Pieczone gruszki z czerwoną cebulą i halloumi. Do Siego Roku!

 

Świeże gruszki pieczone z czerwoną cebulą i tymiankiem, podane z kremowym serem halloumi i prażonymi pestkami. Ta rewelacyjna wegetariańska przystawka jest idealna zimą, kiedy tęsknię za letnimi owocami i smakami. Urozmaica mój zimowy stół i przyjęcia z każdej okazji.
Przebojem zdobyła uznanie moich gości, przyjaciół i bliskich.
Do Siego Roku!

 

 

3 średniej wielkości zimowe gruszki
1 średnia czerwona cebula
2 gałązki świeżego tymianku
1/4 łyżeczki drobnej soli morskiej
3 łyżki oliwy EV
1 i 1/2 łyżki miodu tymiankowego lub syropu klonowego
100 g sera halloumi
3 łyżki pestek dyni
pieprz

Rozgrzej piekarnik do 190 st. C. Gruszki umyj, osusz i przekrój pionowo na ćwiartki. Wykrój gniazda nasienne. Cebulę pokrój w grubsze półplasterki. Połóż je w formie do pieczenia, dodaj tymianek, posyp solą. Polej oliwą i miodem, wstaw do nagrzanego piekarnika i piecz 20 minut. Obróć gruszki i cebule na drugą stronę i piecz kolejne 20 minut. Gruszki i cebula powinny się dobrze zrumienić i skarmelizować.
Pod koniec pieczenia, na suchej patelni upraż pestki i przełóż je do miseczki. Halloumi pokrój na plastry i podsmaż z obu stron na patelni.
Wyjmij formę z piekarnika, usuń gałązki tymianku i dodaj hallomumi. Wymieszaj delikatnie, posyp pestkami dyni i pieprzem. Podawaj od razu.

To ostatnie w tym roku spotkanie na dwa blogi w Sezonowo od A do M.  Podajemy co miesiąc z Konwaliami w kuchni, danie , w którym występuje jeden wspólny składnik. Wyjątkiem jest grudzień, kiedy każda kuchnia podaje potrawę na dowolny temat.
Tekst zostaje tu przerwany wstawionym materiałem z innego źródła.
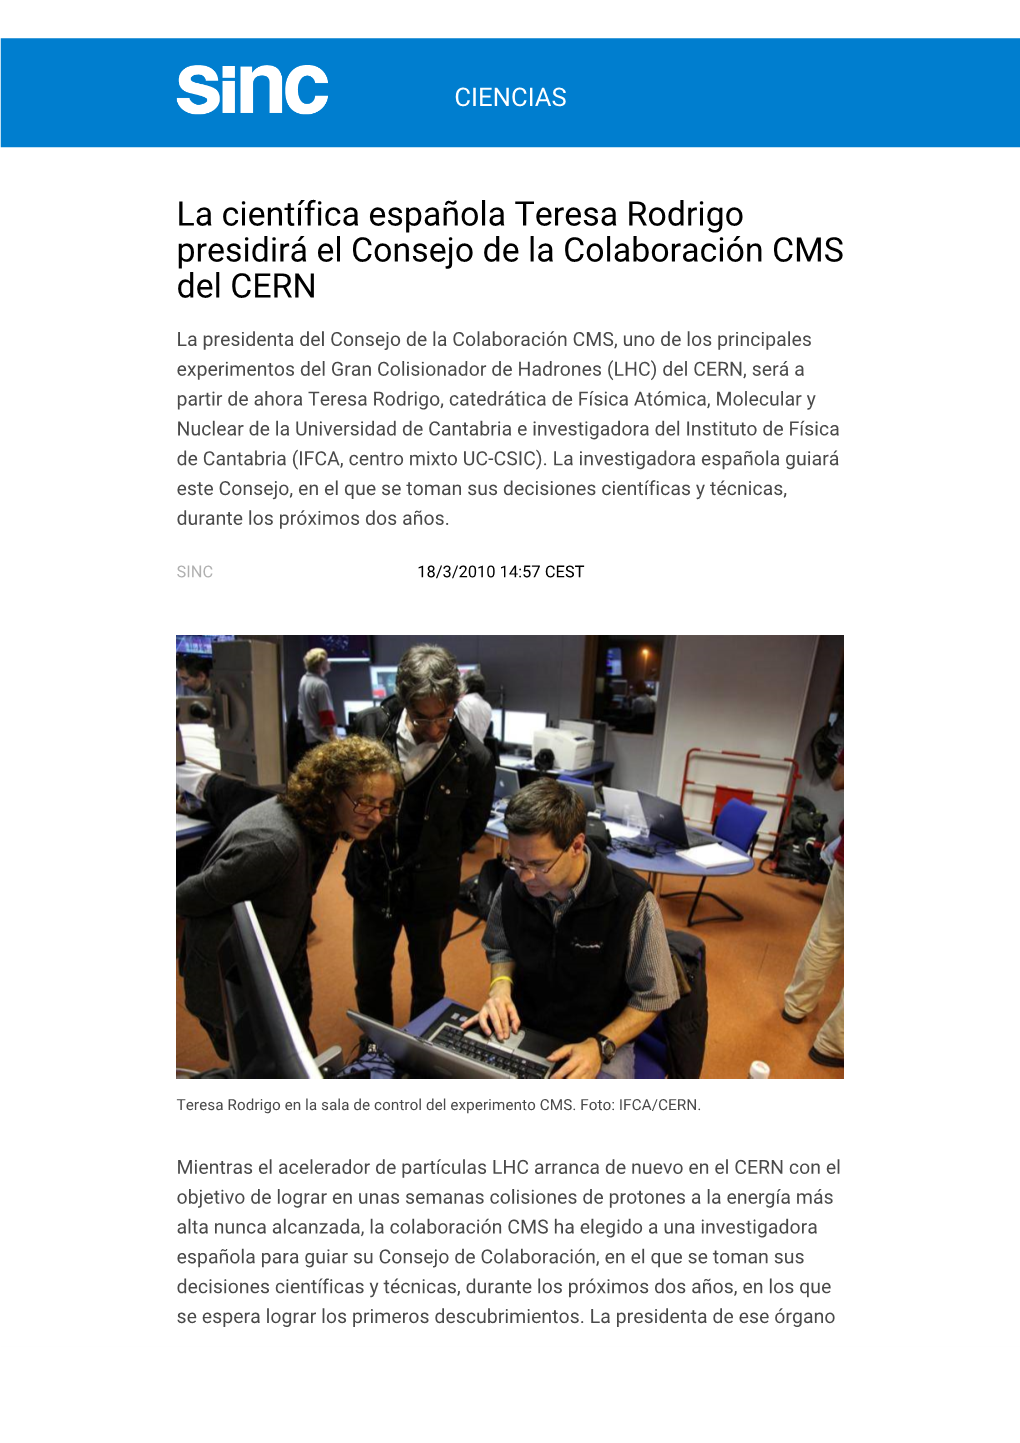 La Científica Española Teresa Rodrigo Presidirá El Consejo De La Colaboración CMS Del CERN
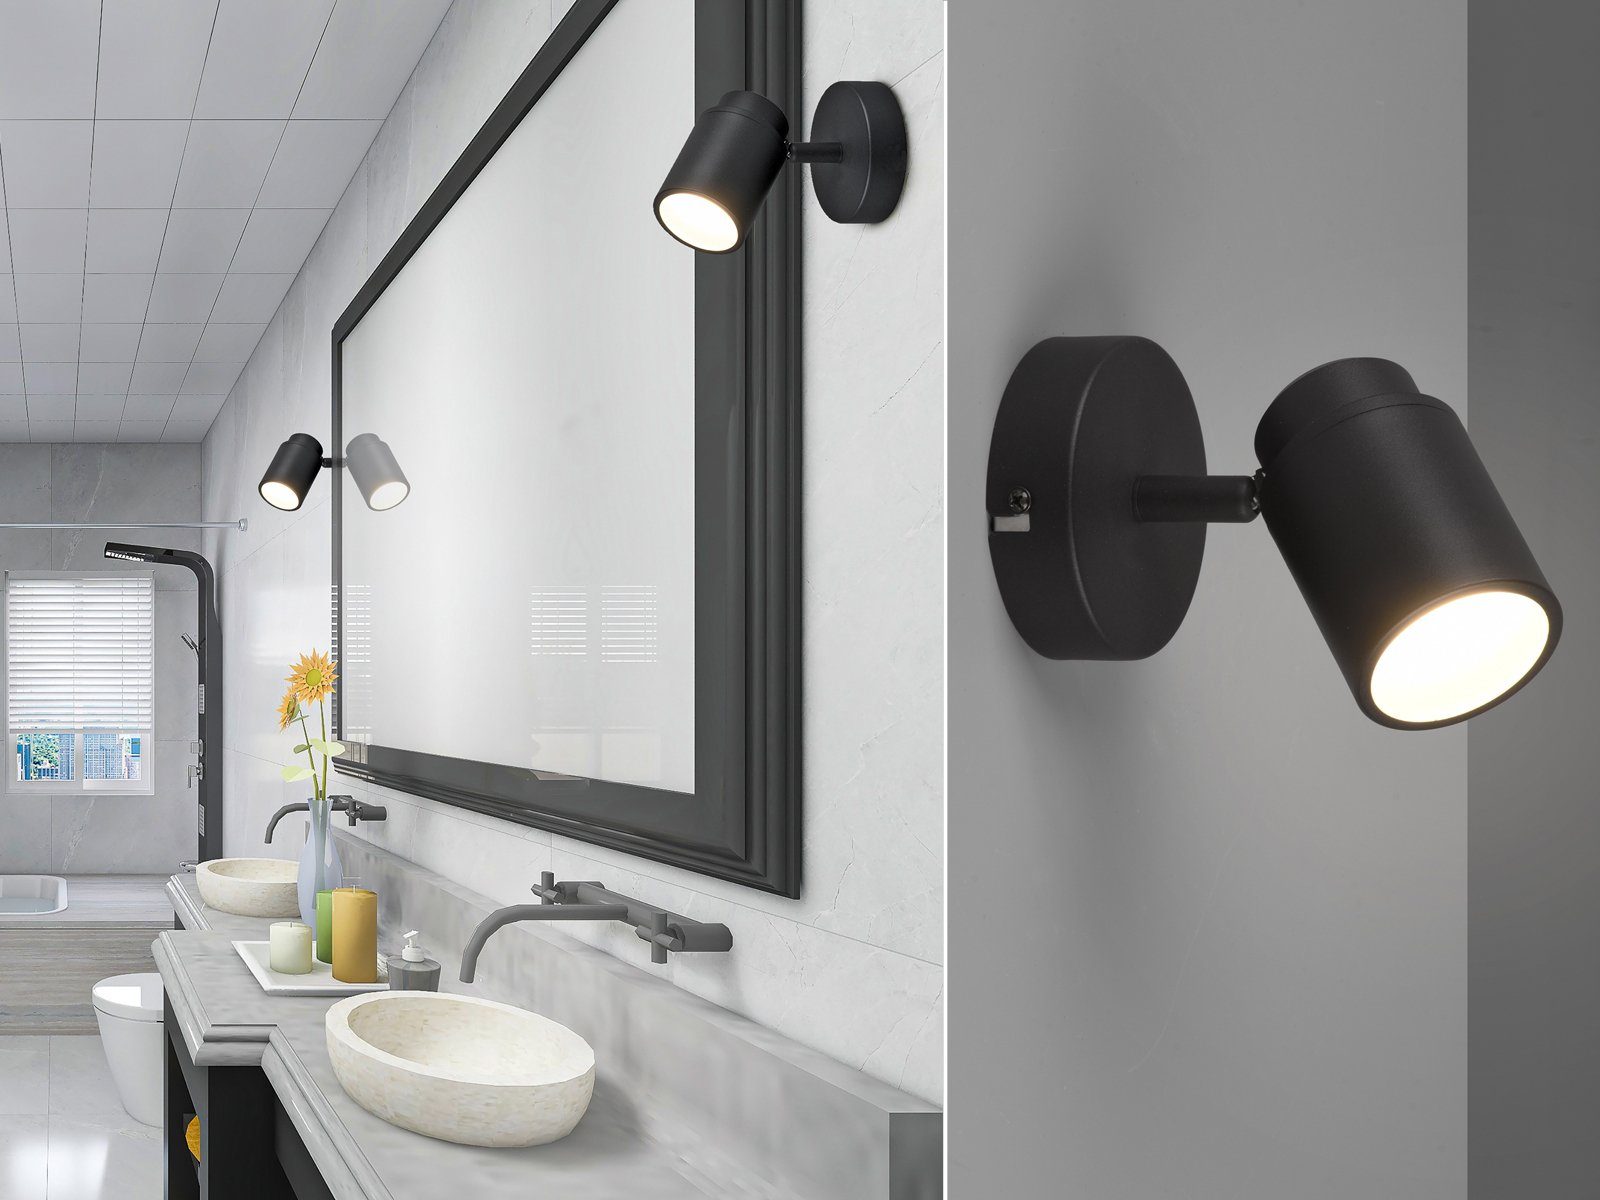 LED Design Spot Wand Spiegel Lampe Leuchte Spots drehbar Bild Beleuchtung Bad

Nasze gotowanie na dwa blogi ma już długą tradycję.
Zapraszamy na grudniowe od A do M!

12 thoughts on “Pieczone gruszki z czerwoną cebulą i halloumi. Do Siego Roku!

  1. Aniu, to jest piękne.
    Słone, słodkie, skarmelizowane, pycha!
    Lato w środku zimy. 🙂
    Dziękuję za kolejny rok i pyszne inspiracje.

  2. Wygląda cudnie, ale nie bardzo lubię gruszki na ciepło. Nie wiem czemu, gruszki lubię surowe. Nawet w kompocie nie przepadam za nimi. No tak już mam 🙂

  3. Jadłam kiedyś pieczone gruszki z innymi dodatkami, są naprawdę świetne.

  4. Gruszkę uwielbiam ale żeby z cebulą… to mnei zaskoczyłaś, odważna propozycja.

  5. Zdjęcie wyglada tak apetycznie, że bez względu na składniki to, aż chce się po prostu zjeść.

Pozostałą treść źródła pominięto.